BISHKEK (TCA) — The April 30 landslide that buried a village in southern Kyrgyzstan once more drew the attention to the long-lasting problem of people illegally building homes in areas vulnerable to natural disasters. We are republishing this article by Peter Leonard on the issue, originally published by EurasiaNet.org:
From a vantage point upon a hill, the recovery workers in the southern Kyrgyzstan settlement of Ayuu looked like burrowing ants. Beneath them lay the bodies of 24 people — some only toddlers — buried by a landslide big enough to fill an Olympic swimming pool 100 times over.
At around 2 pm on April 30, a day after the disaster struck, shouts went up from one of the handful of excavation areas. The work was centered on spots above where houses had stood. Men dropped their shovels and rushed to the source of the clamor over uneven heaps of landslide soil moistened by a morning sprinkling of snow. More in hope than certainty, some said under their breath, “They’re alive.”
But the rescuers emerging from the digging site were not carrying survivors, but two small and lifeless bodies. The tiny feet of Madina Abdisalomovna, born in 2015, peeped out from a carefully wrapped blanket. Next to her lay Adina Mamanova, born in 2005. A relative kneeled over the bodies and spent a long moment laying a hand wordlessly over Madina’s still heart.
Up on the hill, villagers looked down in dazed sorrow. Almost all the residents of Ayuu are somehow related to one another. Women hugged each other and huddled in little clusters exchanging words of sympathy. Some wept loudly, others quietly dabbed away tears. One man, Artykbai Kamchiyev, who lost almost his entire immediate family — a wife, two sons, a daughter-in-law, and two grandchildren — was comforted by a succession of relatives as he sobbed uncontrollably.
A flimsy tent served as a first-aid point, but had little of much use to offer other than checking people’s blood pressure.

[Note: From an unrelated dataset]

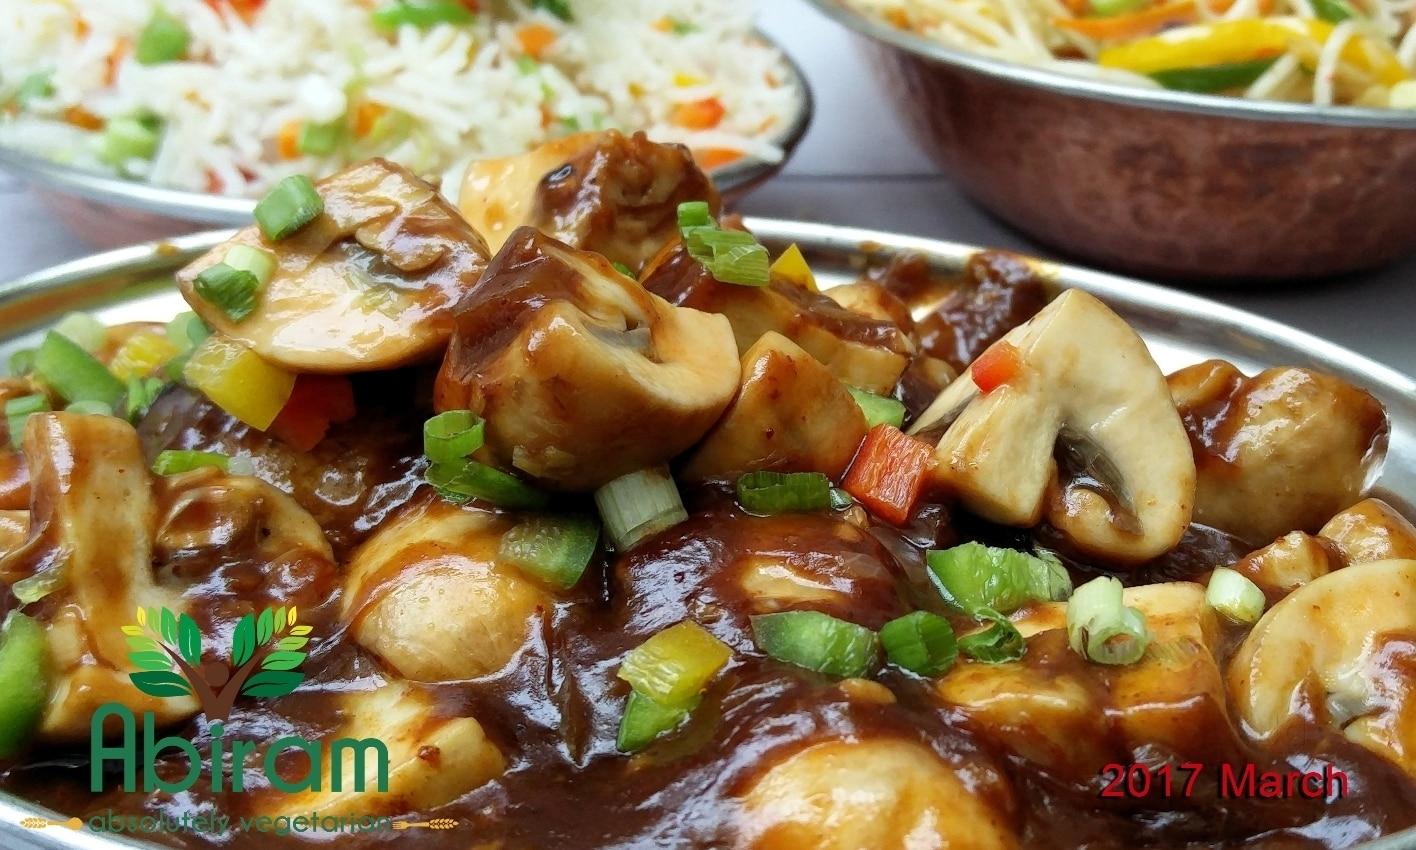 Top 20 Restaurants In Tirupadiripuliyur Bazaar Best
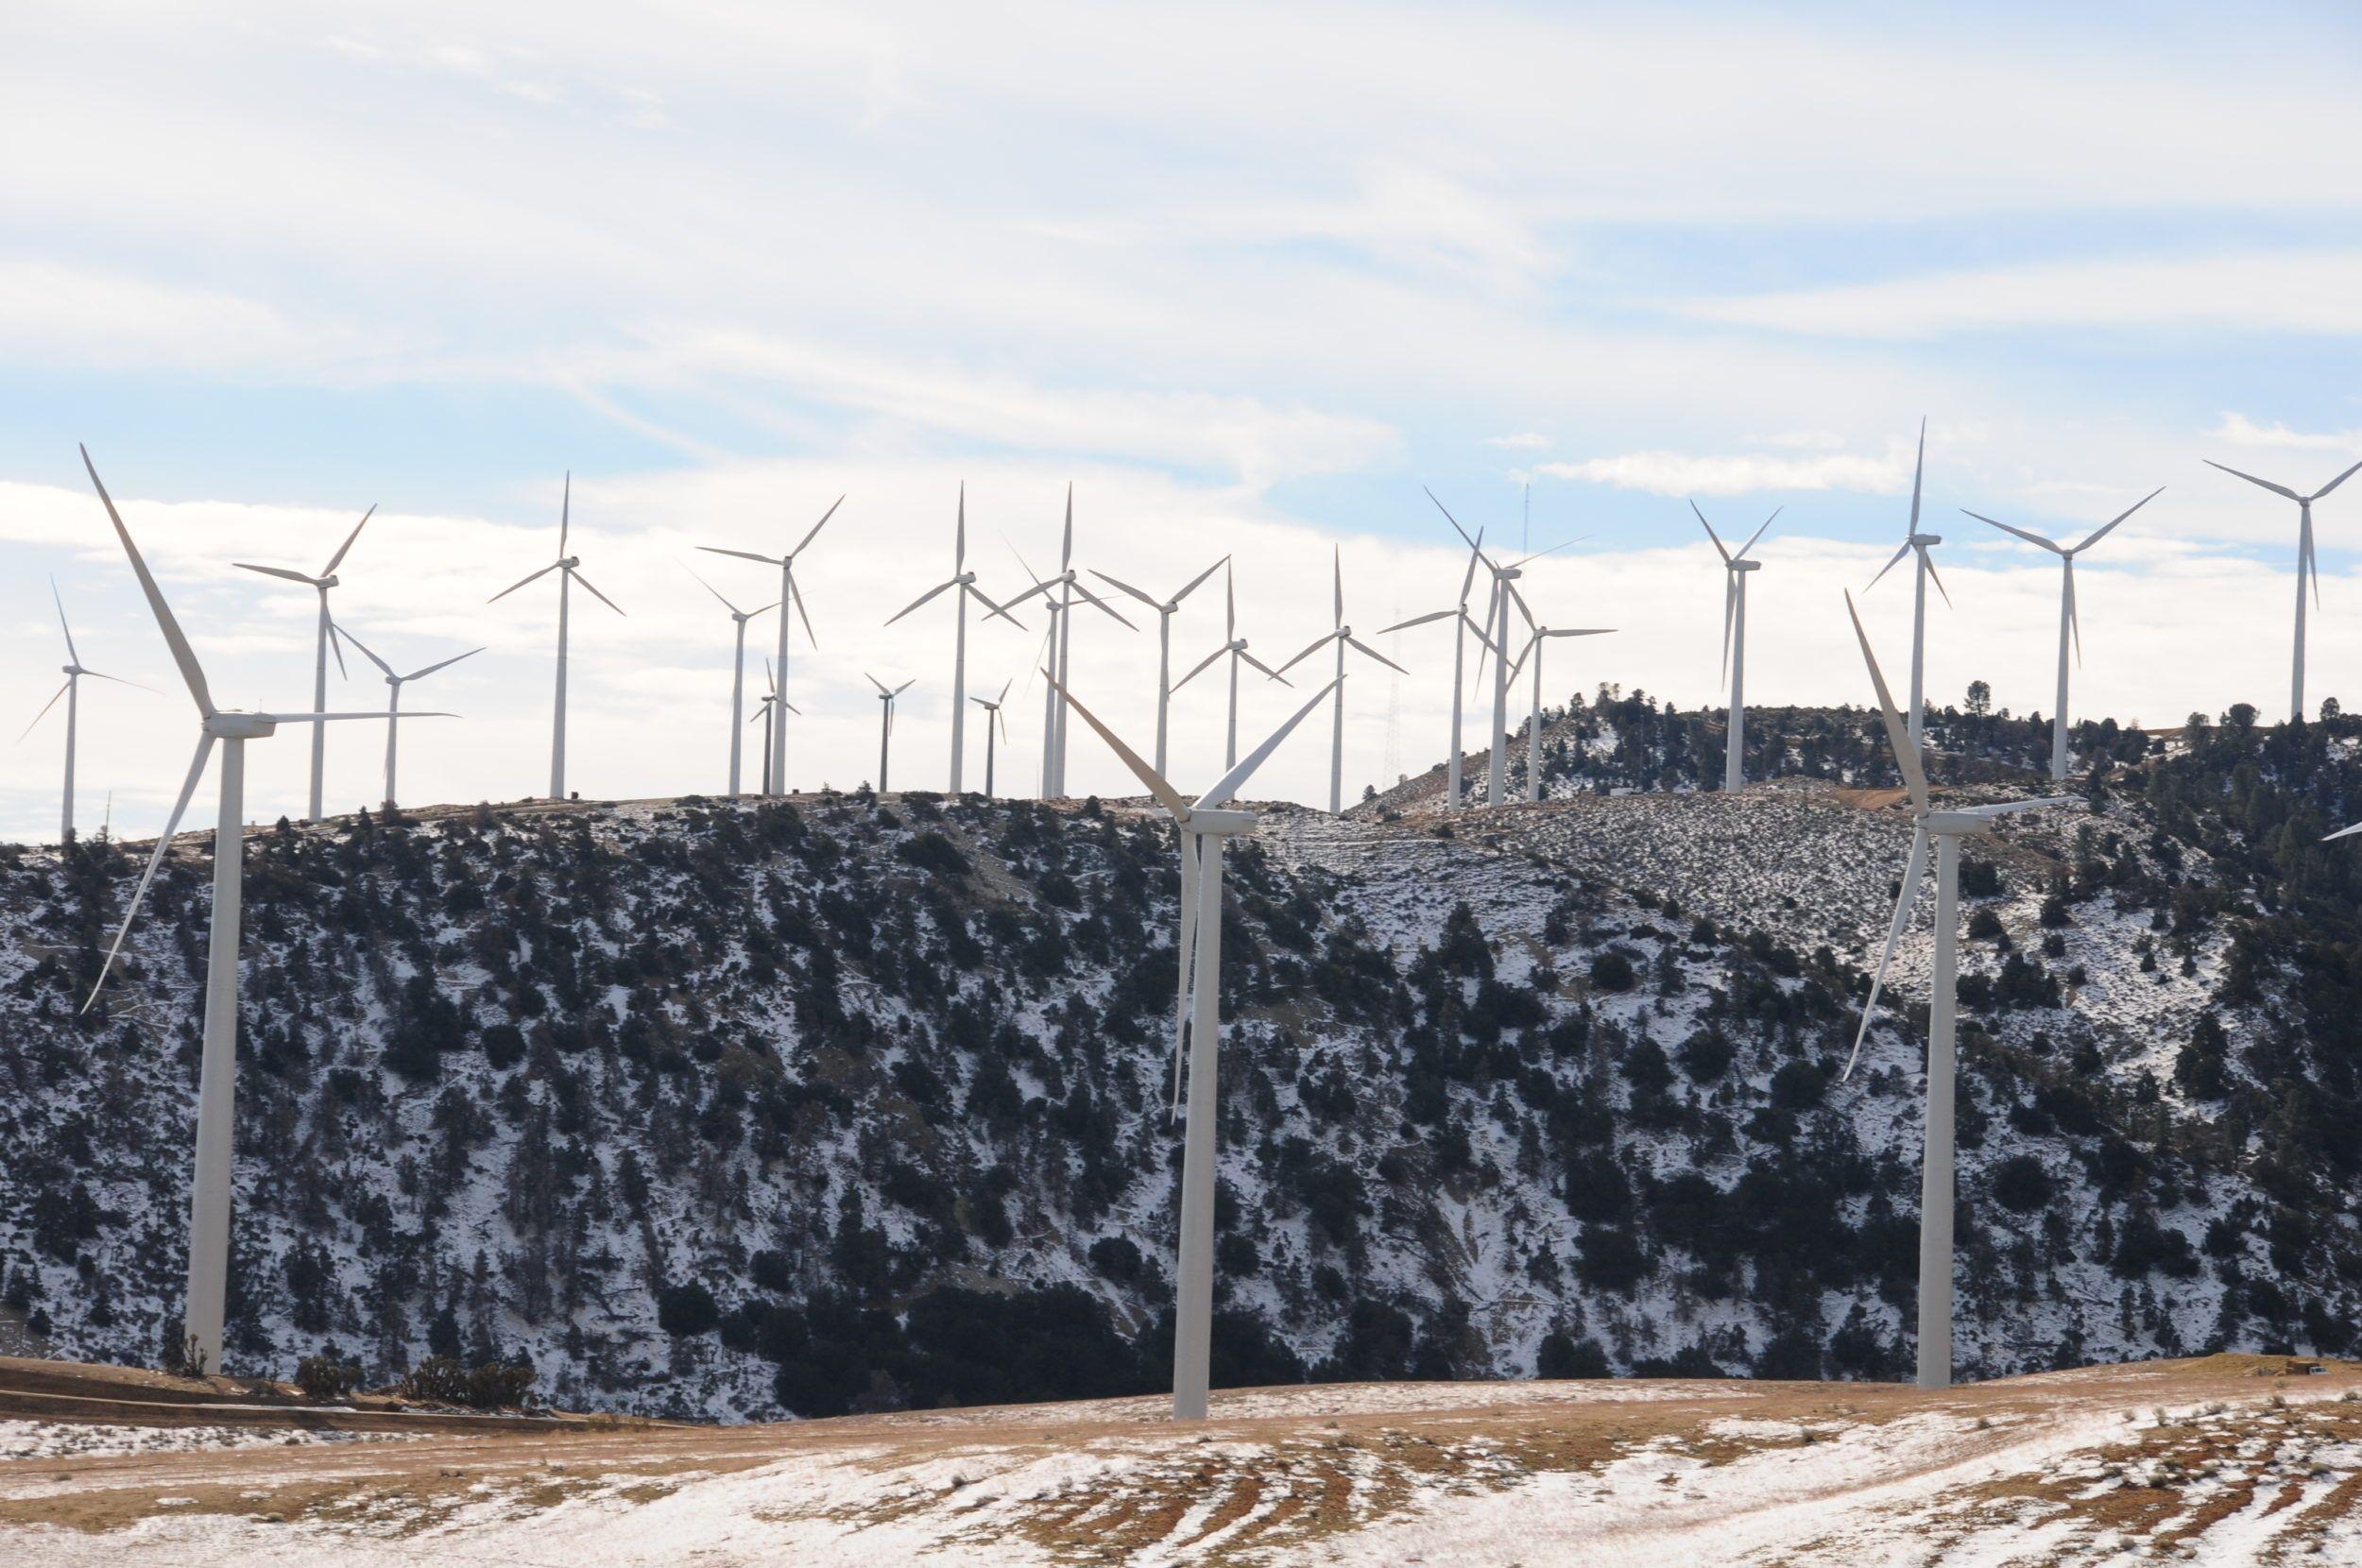 Wind farm wind turbine gearbox service agreement

In the next tent along, villagers were handed out soup, bread and tea.
As of May 3, eight bodies in all have been found.
Recovery work was being overseen by Daiyrbek Karimov, the head of the Osh department of the Emergency Services Ministry. As Karimov told EurasiaNet.org, many of the homes crushed by the landslide should not have been there at all.
“In 2003, there were only about three or four homes here. Monitoring specialists from our ministry came especially and issued them a warning about [a possible] landslide. And then the following year, they again built yet more homes illegally, without documents,” Karimov said.
This area of Kyrgyzstan, where the mountains rise at the eastern edge of the Ferghana Valley, is particularly vulnerable to landslides. The season for such events arrives with the spring, during which intense bouts of rainfall are common. Landslides can also be triggered by groundwater pressure or seismic activity.
Karimov said that in the Osh region alone, there are 389 locations — home to many hundreds of families — at high risk from landslides. The authorities say they have done everything to persuade the people to move. In Ayuu, stark and ominous cracks had long been forming in the grassy loess on the hillside above the village. “On March 28 this year, our specialists, including the head of the Monitoring Department, came here again and held a meeting with residents,” Karimov said. “They warned them all to move to a safer spot.”
Residents of three of the seven houses destroyed were given preferential loans by the government in 2003 to encourage them to move. The four other buildings were erected without proper permits, officials say.
In the end, such was the volume of displaced soil that there have been calls not to carry out recovery work at all, and to transform the entire site into a graveyard instead.
Relocating from a place like Ayuu means abandoning a certain source of income in a country where a lack of opportunities forces hundreds of thousands to go abroad for work. Homesteads have anything from a few dozen to several hundred sheep, cows and horses. “People live here because of the farming, they want to graze their cattle,” Dilmuhammed Bokoshev, the mayor of the village of Zarger, which encompasses Ayuu, told EurasiaNet.org. “They will not abandon the land of their ancestors.”
Bokoshev conceded that anything up to half the population of his village may eventually have to be relocated because of the potential for more landslides. Land has been set aside in the neighboring Jalal-Abad region, in which people from Ayuu and several other nearby localities are being urged to settle.
Somewhere along the line, however, enforcement of instructions to relocate appears to break down.
“Under Kyrgyz law, our functions in the Emergency Services Ministry are to issue preventative warnings, monitor dangerous areas and issue official writs,” Karimov said. “We gave every village head, every district chief and regional head instructions to securely relocate people, as permitted within the law, and to provide any kind of social and humanitarian support.”
Whether it is because of villagers’ stubbornness or inaction by the local officials, people seldom move. With that in mind, President Almazbek Atambayev’s immediate reaction to news of the landslide was not to extend his sympathies but instead to upbraid its victims.
“You have to at least be a little afraid of God,” he said. “Just because you don’t want to live, just because you deem your cattle more precious than yourself, what fault is that of the children? How is that the fault of the other people that lived in the house?”